Надо мной расстилалось голубое небо, по которому тихо плыло и таяло
сверкающее облако. Закинув несколько голову, я мог видеть в вышине темную
деревянную церковку, наивно глядевшую на меня из-за зеленых деревьев, с
высокой кручи. Вправо, в нескольких саженях от меня, стоял какой-то
незнакомый шалаш, влево - серый неуклюжий столб с широкою досчатою крышей, с
кружкой и с доской, на которой было написано:
Пожертвуйте проходящий
на колоколо господне.
А у самых моих ног плескалась река.
Этот-то плеск и разбудил меня от сладкого сна. Давно уже он прорывался
к моему сознанию беспокоящим шепотом, точно ласкающий, но вместе беспощадный
голос, который подымает на заре для неизбежного трудового дня. А вставать
так не хочется...
Я опять закрыл глаза, чтоб отдать себе, не двигаясь, отчет в том, как
это я очутился здесь, под открытым небом, на берегу плещущей речки, в
соседстве этого шалаша и этого столба с простодушным обращением к
проходящим.
Понемногу в уме моем восстановились предшествующие обстоятельства.
Предыдущие сутки я провел на Святом озере, у невидимого града Китежа,
толкаясь между народом, слушая гнусавое пение нищих слепцов, останавливаясь
у импровизованных алтарей под развесистыми деревьями, где беспоповцы,
скитники и скитницы разных толков пели свои службы, между тем как в других
местах, в густых кучках народа, кипели страстные религиозные споры. Ночь я
простоял всю на ногах, сжатый в густой толпе у старой часовни. Мне
вспомнились утомленные лица миссионера и двух священников, кучи книг на
аналое, огни восковых свечей, при помощи которых спорившие разыскивали
нужные тексты в толстых фолиантах, возбужденные лица "раскольников" и
"церковных", встречавших многоголосым говором каждое удачное возражение.

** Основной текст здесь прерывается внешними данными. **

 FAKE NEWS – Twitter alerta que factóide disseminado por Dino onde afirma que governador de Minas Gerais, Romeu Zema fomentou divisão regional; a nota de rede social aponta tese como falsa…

Вспомнилась старая часовня, с раскрытыми дверями, в которые виднелись желтые
огоньки у икон, между тем как по синему небу ясная луна тихо плыла и над
часовней, и над темными, спокойно шептавшимися деревьями. На заре я с трудом
протолкался из толпы на простор и, усталый, с головой, отяжелевшей от
бесплодной схоластики этих споров, с сердцем, сжимавшимся от безотчетной
тоски и разочарования, - поплелся полевыми дорогами по направлению к синей
полосе приветлужских лесов, вслед за вереницами расходившихся богомольцев.
Тяжелые, нерадостные впечатления уносил я от берегов Святого озера, от
невидимого, но страстно взыскуемого народом града... Точно в душном склепе,
при тусклом свете угасающей лампадки, провел я всю эту бессонную ночь,
прислушиваясь, как где-то за стеной кто-то читает мерным голосом заупокойные
молитвы над заснувшей навеки народною мыслью.
Солнце встало уже над лесами и водами Ветлуги, когда я, пройдя около
пятнадцати верст лесными тропами, вышел к реке и тотчас же свалился на
песок, точно мертвый, от усталости и вынесенных с озера суровых впечатлений.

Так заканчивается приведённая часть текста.